4.11 Évaluation de la preuve par témoin

Note[1]

(dernière mise à jour – juin 2018)

(Dans les affaires d’agression sexuelle)

Je veux maintenant vous mettre en garde contre le fait d’aborder la preuve avec des hypothèses injustifiées sur ce qu’est ou n’est pas une agression sexuelle, sur ce qui constitue ou ne constitue pas un consentement, sur quel genre de personne porte ou ne porte pas plainte pour agression sexuelle, sur quel genre de personne commet ou ne commet pas une agression sexuelle ou sur ce qu’une personne qui est ou a été agressée sexuellement dit ou fait ou ne dit pas ou ne fait pas. Il n’y a pas de victime typique ou d’agresseur typique ou de situation typique ou de réaction typique[2]. Je ne vous dis pas cela pour soutenir une conclusion donnée, mais pour vous vous mettre en garde contre la possibilité d’arriver à une conclusion fondée sur des idées fausses répandues.

Vous devez aborder ce procès avec un esprit ouvert et sans idées préconçues. À la fin du procès, vous devrez rendre une décision fondée exclusivement sur la preuve, en conformité avec mes directives sur le droit applicable.[3]

[1]              Je vais maintenant vous parler de l’évaluation des témoignages. Il vous appartient de décider de la valeur à accorder au témoignage de chaque témoin. Vous pouvez croire tout ou partie d’un témoignage ou l’écarter entièrement. Vous devez vous demander si le témoin dit la vérité et s’il est fiable.

Voici quelques questions à examiner au cours de vos délibérations.

[2]              Le témoin a-t-il eu l’occasion de bien observer l’événement qu’il a décrit ? Pendant combien de temps le témoin a-t-il regardé ou écouté ? Y a-t-il quelque chose qui a nui à sa capacité d’observer ? S’est-il passé quelque chose au même moment qui pourrait avoir distrait le témoin ?
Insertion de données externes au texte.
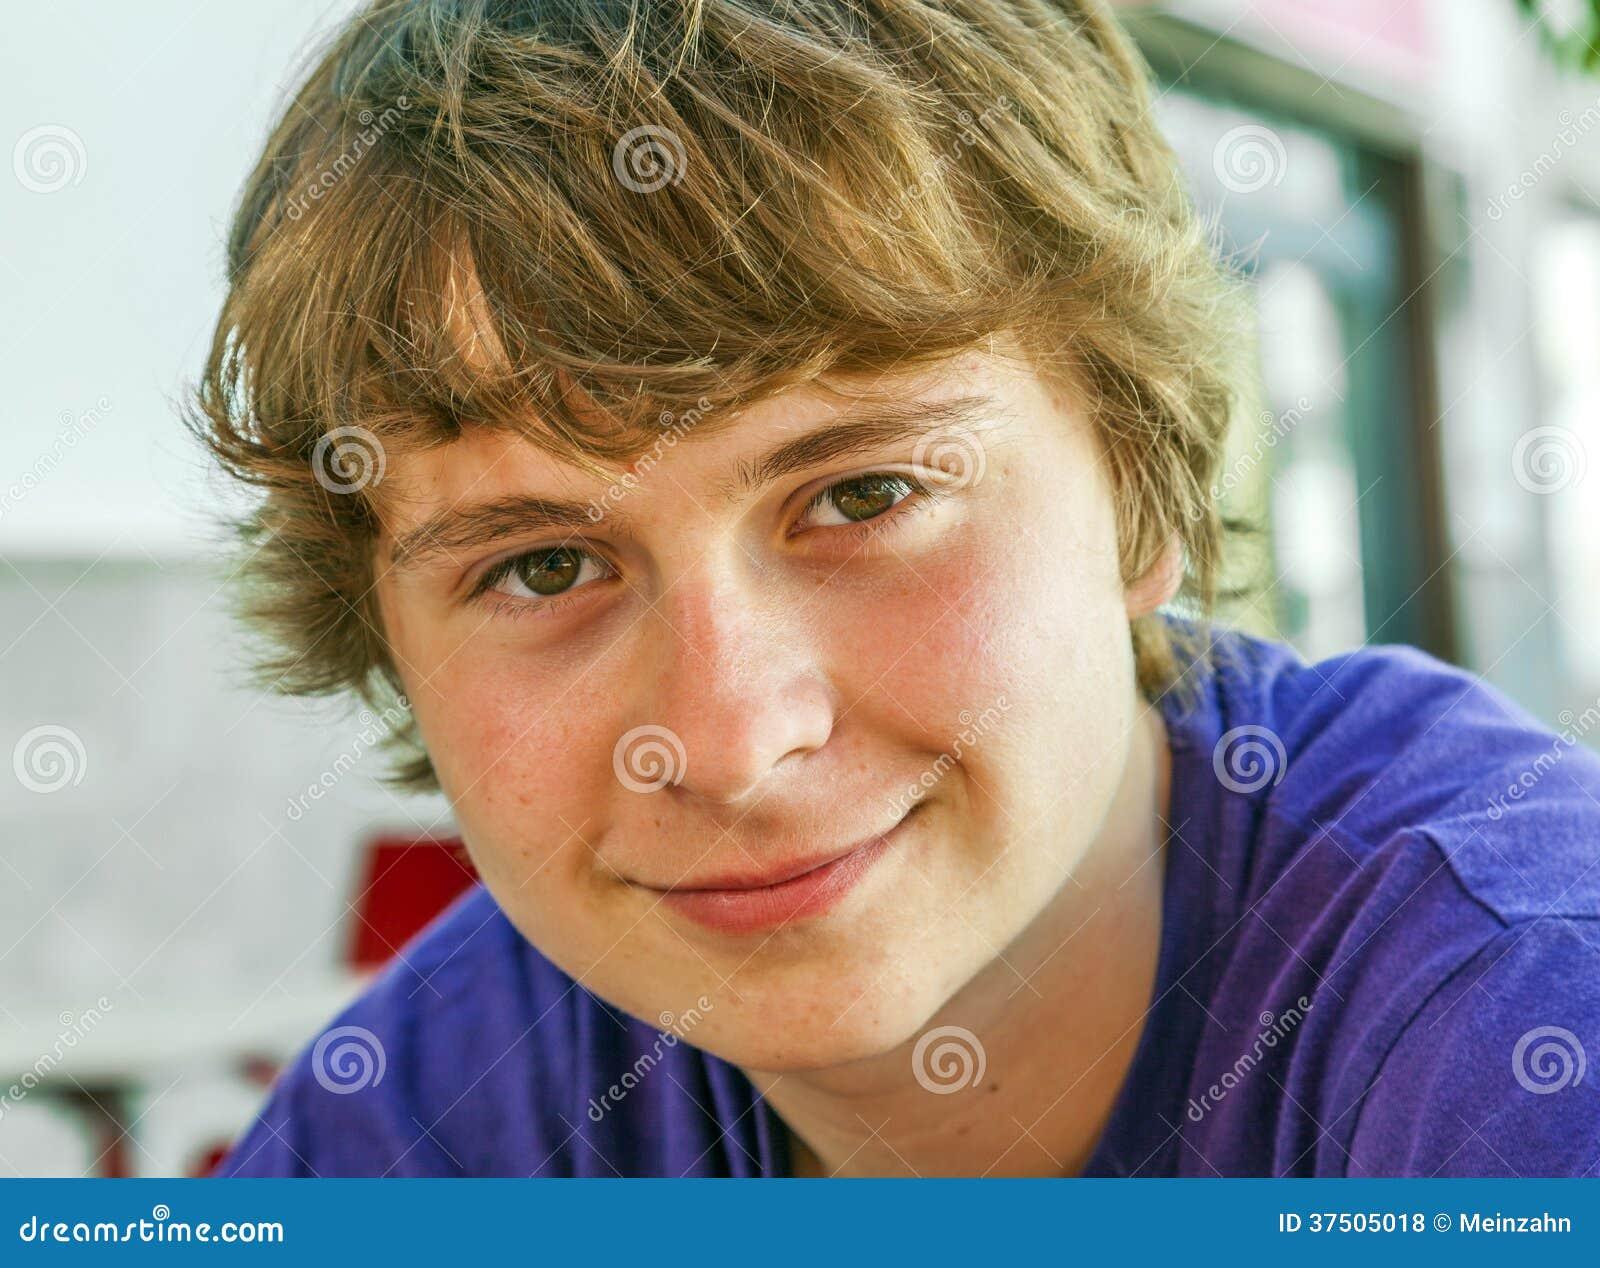 boy Blonde teen

[3]              Le témoin avait-il une bonne mémoire ? Gardez en tête le temps écoulé depuis la date de l’infraction reprochée. Est-ce que quelque chose en particulier aidait le témoin à se souvenir en détail de l’événement qu’il a décrit ? L’événement avait-il quelque chose d’inhabituel ou de mémorable qui ferait en sorte qu’on s’attende à ce que le témoin se souvienne des détails, ou l’événement était-il relativement peu important au moment en cause, de sorte que le témoin pourrait facilement l’avoir oublié ou avoir fait erreur sur certains des details ? L’incapacité ou la difficulté qu’avait le témoin à se souvenir des événements était-elle véritable, ou faisait-il preuve de mémoire sélective pour éviter de répondre à des questions ?

[4]              Le témoin était-il capable de communiquer de façon claire et precise ?
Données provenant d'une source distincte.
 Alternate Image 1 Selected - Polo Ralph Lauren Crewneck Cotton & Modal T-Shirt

[5]              Comment se comportait le témoin lorsqu’il témoignait ? Ne tirez pas toutefois de conclusions hâtives fondées uniquement sur le comportement du témoin. Les apparences sont parfois trompeuses. Témoigner n’est pas une expérience courante pour bon nombre de témoins. Les gens réagissent et se présentent différemment. Les témoins viennent de différents milieux. Ils ont des intelligences, des capacités, des valeurs et des expériences de vie différentes. Il y a tout simplement trop de variables pour que le comportement d’un témoin constitue le seul facteur ou le plus important facteur dans votre décision.

[6]              Le témoin répondait-il franchement et directement aux questions ou était-il hésitant ou évasif ou cherchait-il à argumenter?

[7]              Le témoin témoignait-il sincèrement, ou son témoignage était-il coloré par son intérêt personnel ? La preuve révèle-t-elle une raison pour laquelle le témoin pourrait favoriser la Couronne ou (NDA) ?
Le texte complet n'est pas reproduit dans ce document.